Building a Production WebSocket Backend That Survives Real Traffic

It is 2am. Your game is live, 800 players are connected, and you are watching memory climb. 38 KB per connection. 52 KB. 80 KB. The server is slowly drowning — and you have no idea why.

I know this problem from building Matrix Bingo, a real-time multiplayer game with WebSocket-powered game state, Redis pub/sub across multiple server nodes, and a video layer via LiveKit SFU. What follows is everything it actually took to make that backend survive real traffic: connection churn, mid-round disconnects on 4G, rooms exploding to 50 concurrent players, and horizontal scaling without a rewrite.
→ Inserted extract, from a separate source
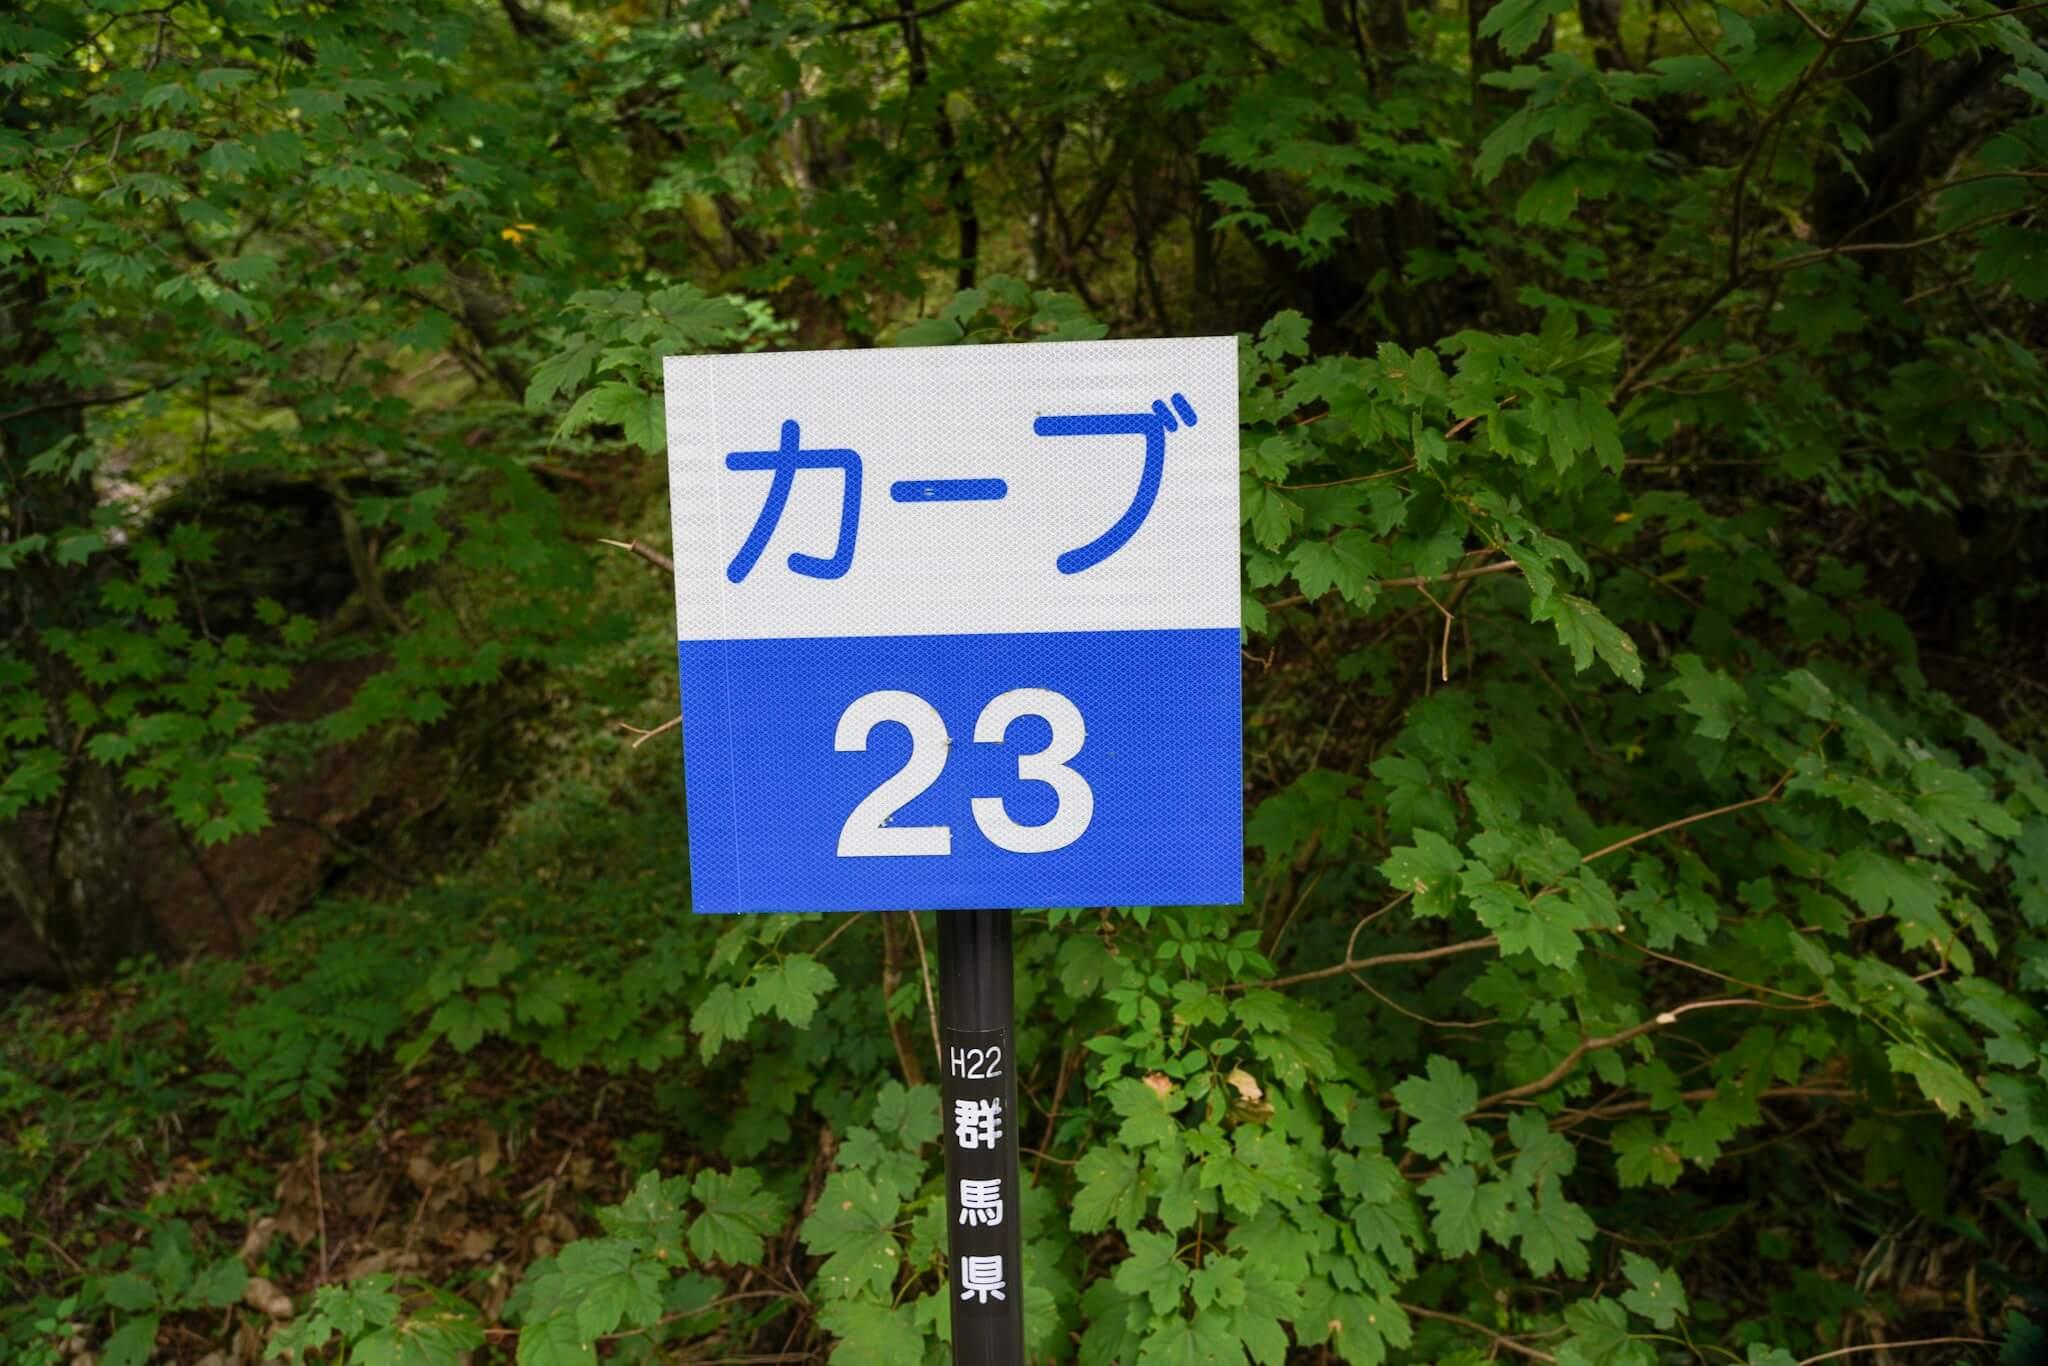 赤城山 峠 カーブNo.23

This is the guide I wish existed when I started. We cover the full lifecycle — from TCP handshake to graceful teardown — with working code, four architecture diagrams, and real benchmark numbers throughout.
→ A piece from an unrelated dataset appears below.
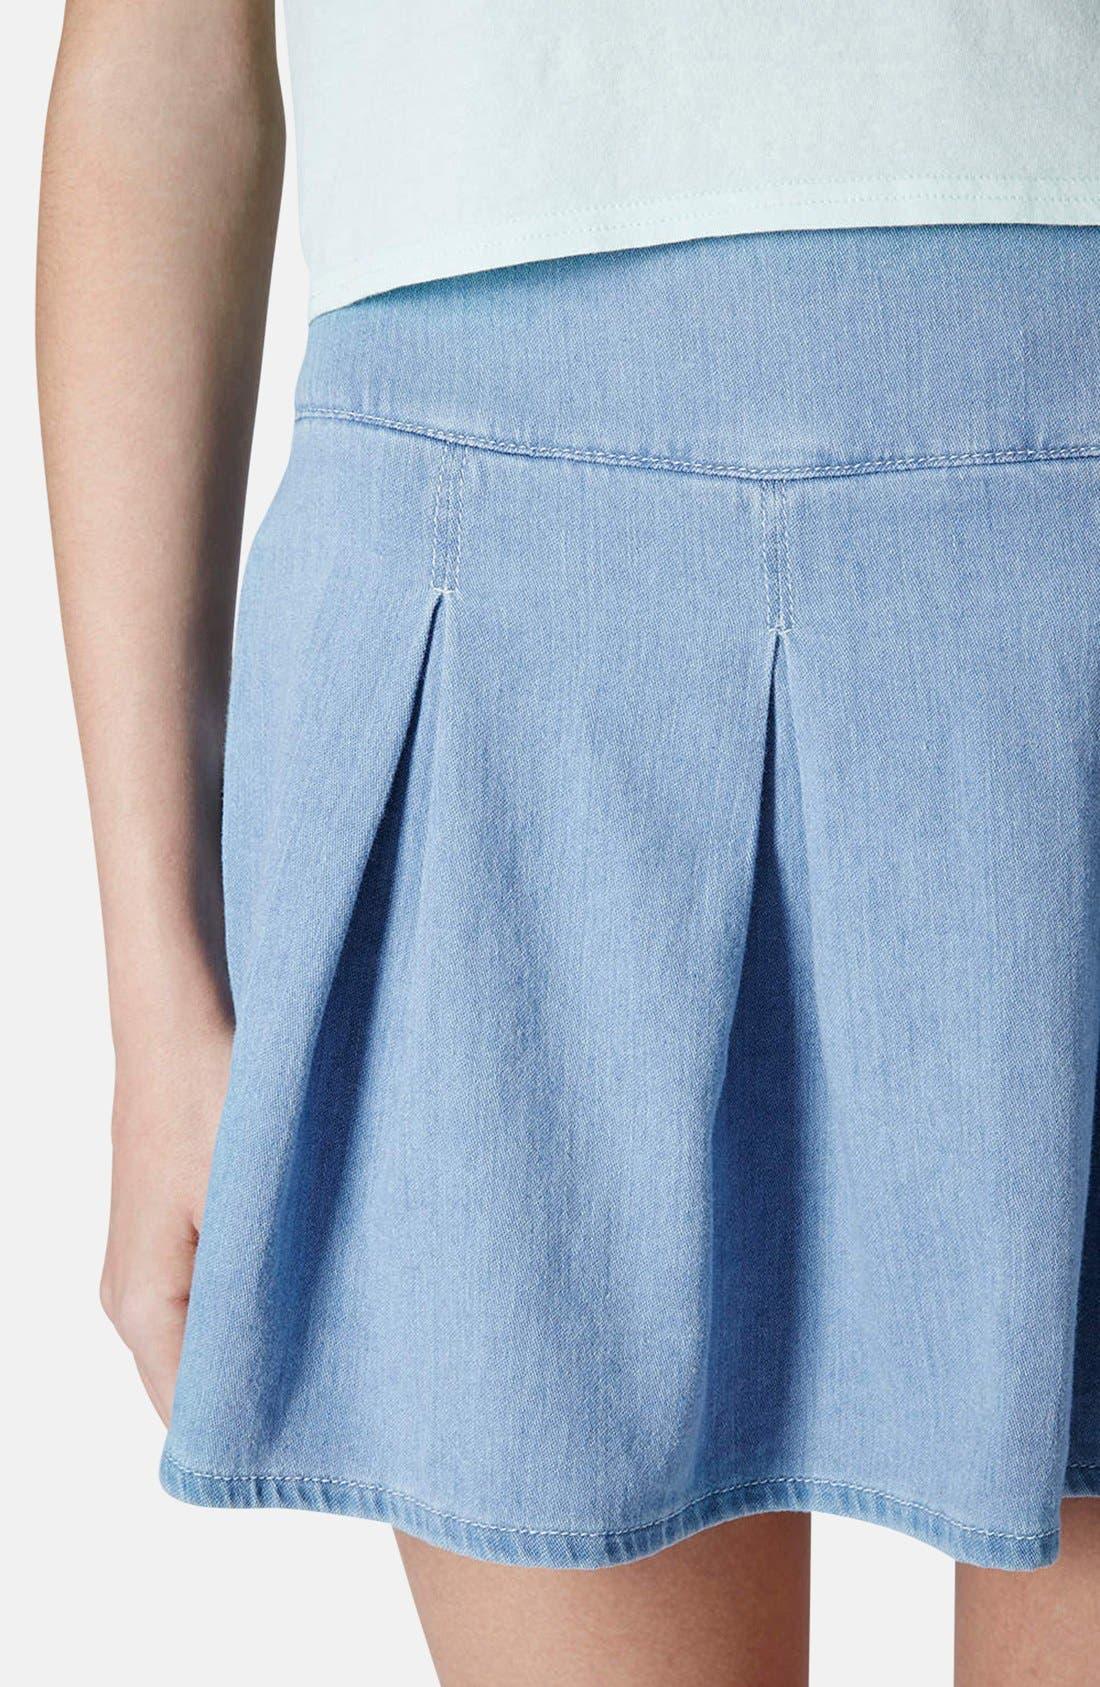 Moto Pleat Denim Skirt,                             Alternate thumbnail 4, color,                             Blue

The architecture, top to bottom

Before diving into each layer, here is the complete picture of the system we are building. Every section below maps to one piece of this diagram.

The key insight is the stateful layer in the middle. Every WebSocket connection lives on a specific server process — it cannot be re-routed like an HTTP request. That constraint shapes every architectural decision below.

1. The connection lifecycle — every step matters

A WebSocket connection is not just an upgraded HTTP request. It is a long-lived, full-duplex TCP session that passes through several states, each of which can fail in a different way. Understanding every step is how you stop debugging ghost connections at 2am.

The three most common production mistakes map to specific steps: authenticating after onopen, not implementing the heartbeat (step ⑤), and not GC-ing rooms after disconnect (step ⑥). Fix those three and you eliminate 80% of production WebSocket incidents.

2. Authenticate at the handshake — not after

The most common mistake is letting the socket open, then waiting for an "auth" message. By that point you have already allocated memory, registered the socket, and created a DDoS surface. Authenticate at the HTTP upgrade request instead.

Pass the JWT as a query parameter. This is safe: the connection URL lives inside a TLS-encrypted stream, and modern proxies do not log query parameters when configured correctly.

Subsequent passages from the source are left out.